Welcoming these people with open arms “is a perfect example of what this nation is supposed to be about, which is to provide a refuge for the refugees,” Brokaw says.

That’s especially true when the U.S. is fighting wars in Iraq and Afghanistan partly to spread democratic ideals, he says.

Also profiled is Charlene Strong, a Seattle woman who was stopped from visiting her partner as she was dying in a hospital and now works nationally to support the rights of same-sex partners.

Brokaw says that in the current political climate, he expected the special – suggested to him by USA Network chief Bonnie Hammer – will itself become controversial. When he reported a few years ago on the issue of illegal immigration, he says, he got some angry responses from people who wanted to keep immigrants away.

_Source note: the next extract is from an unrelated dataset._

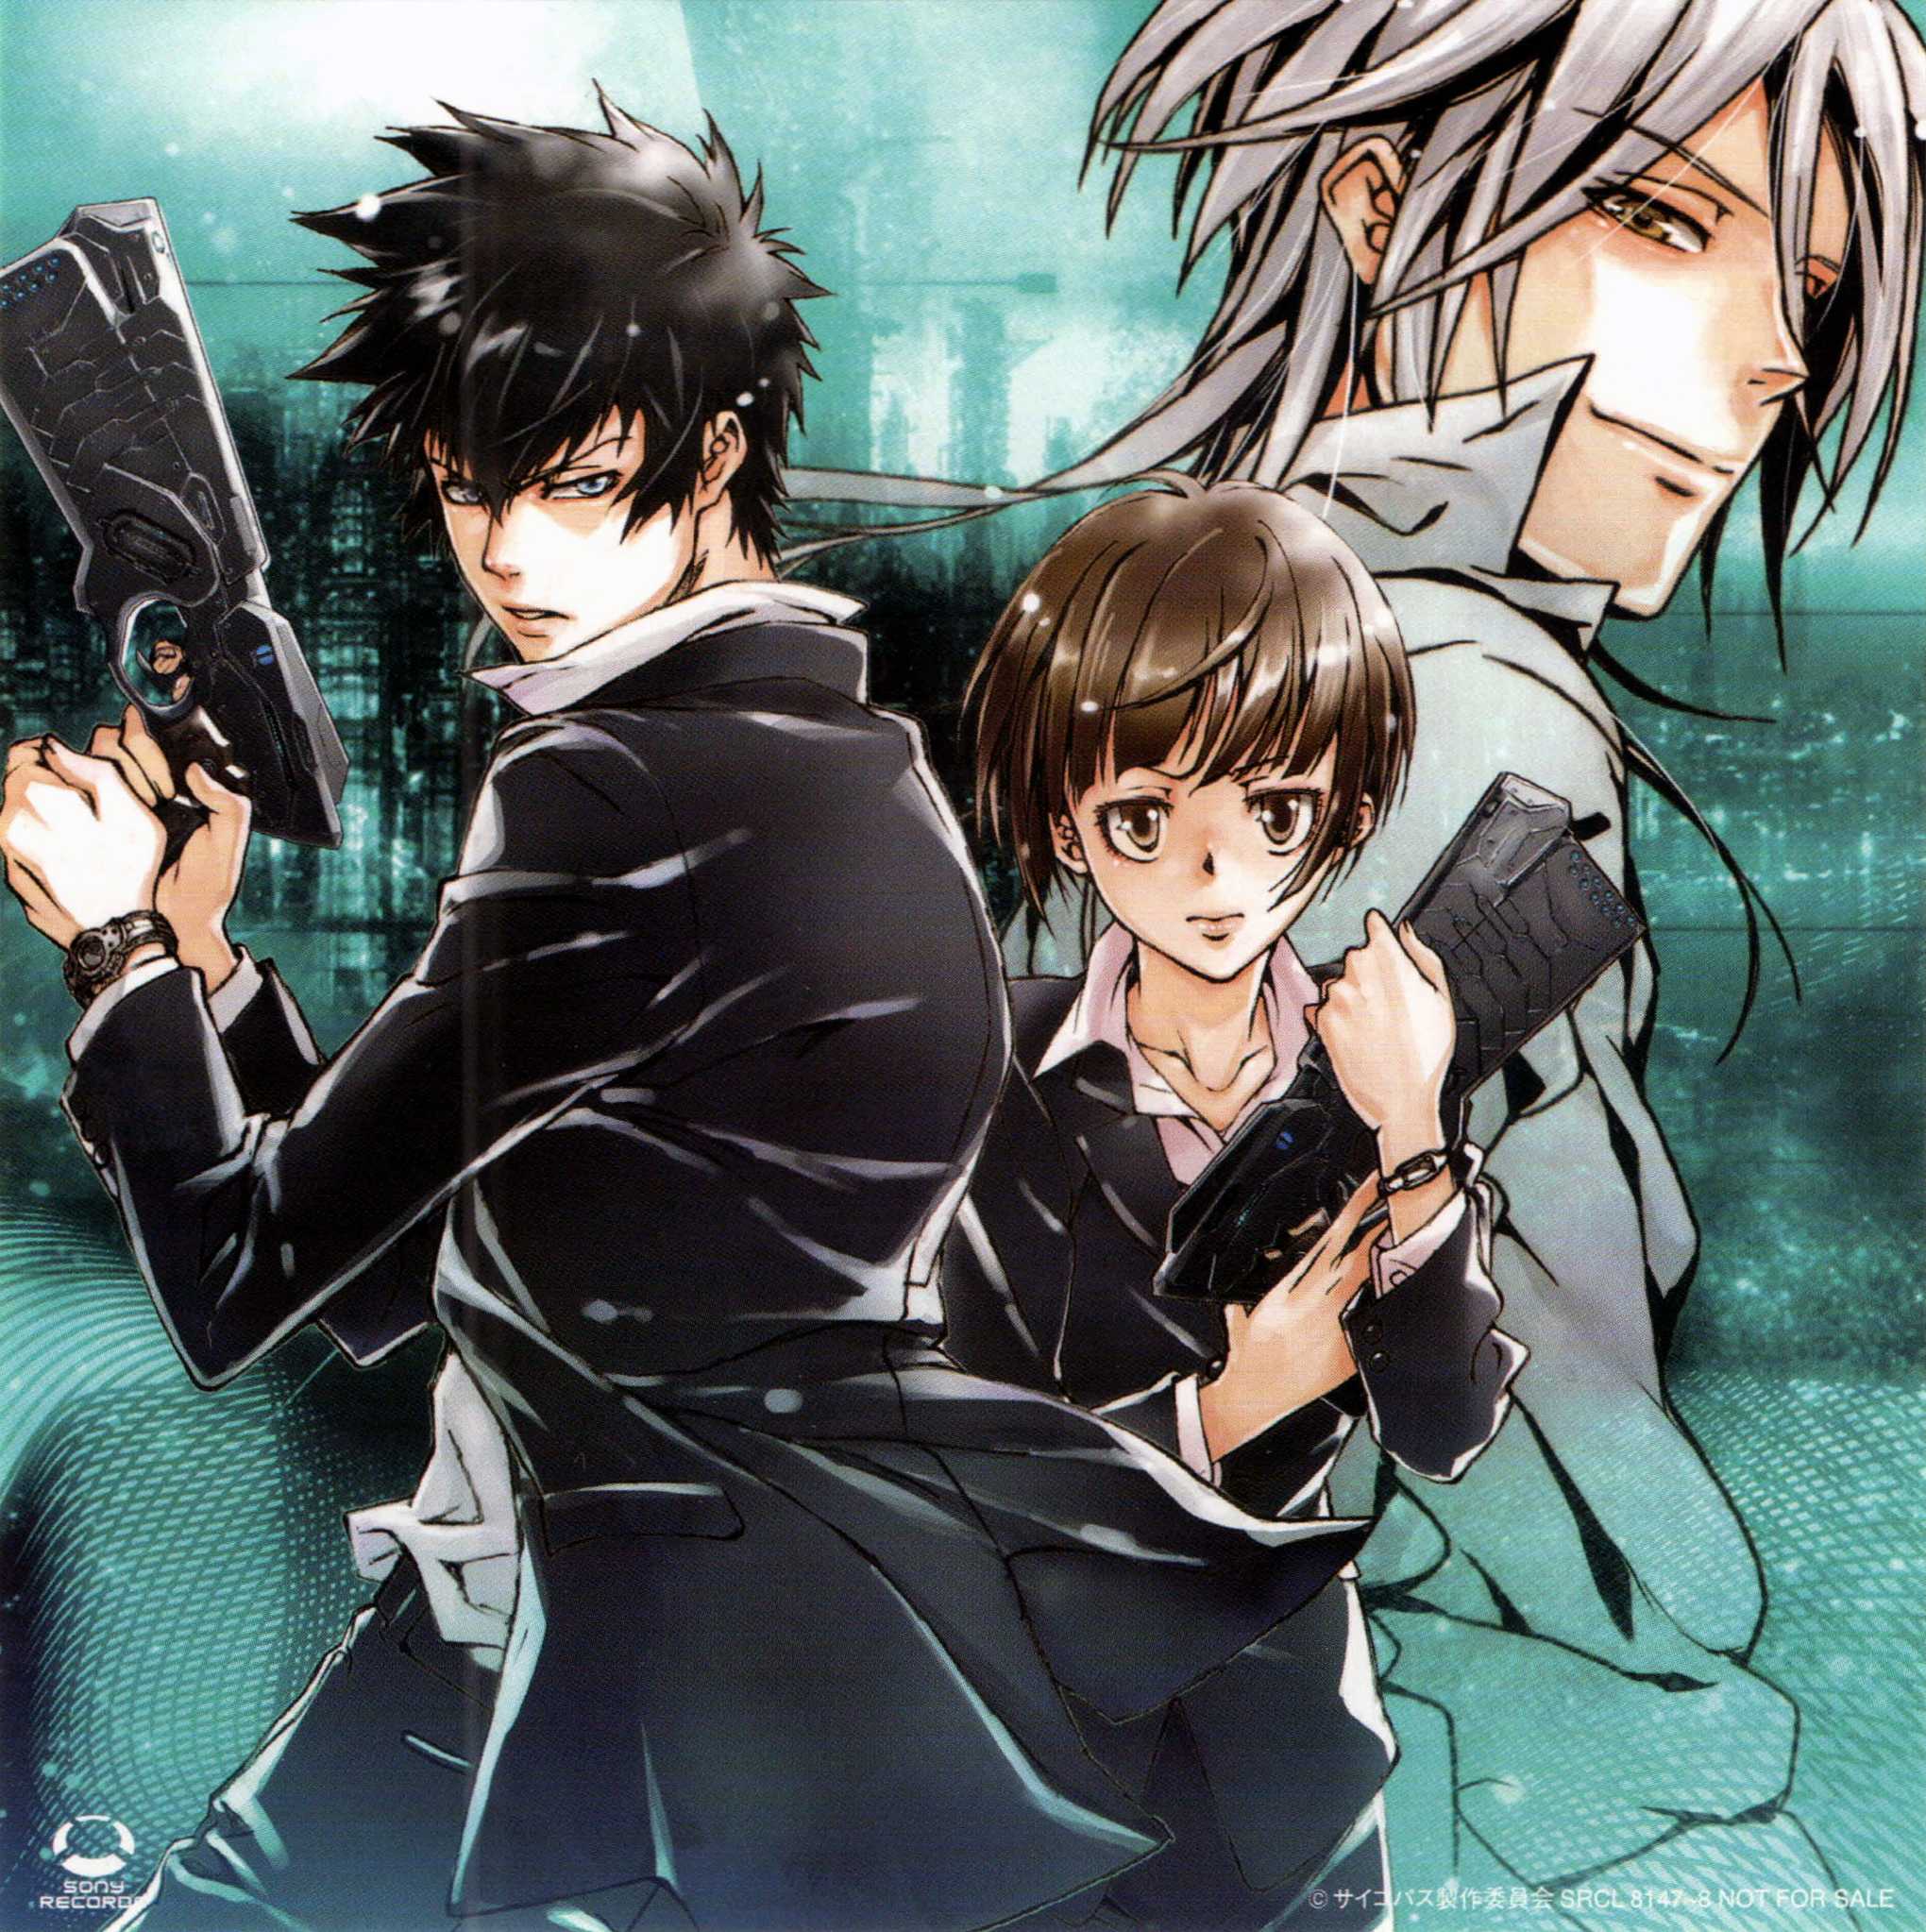 Psycho-Pass wallpapers, Anime, HQ Psycho-Pass pictures | 4K Wallpapers 2019

“I hope it will generate some conversation within communities, families and business places,” Brokaw says. “Too much of what we see now is about division and not about unification.”

At the same time, the 70-year-old newsman hopes that viewers keep a sense of the big picture and how much has really changed in the nation in the past 50 years.

He sees it in television commercials, filled with African-American doctors, Latino teachers and Asian-American consumers.

“That’s a huge step,” Brokaw says. “It used to be just white males allowed. That’s the market responding to the realities of the country.”

He adds that he’s always believed in the long-term wisdom of the American people.

“The genius of this nation is that we’re more than the sum of our parts,” says Brokaw, “and we can’t forget that.”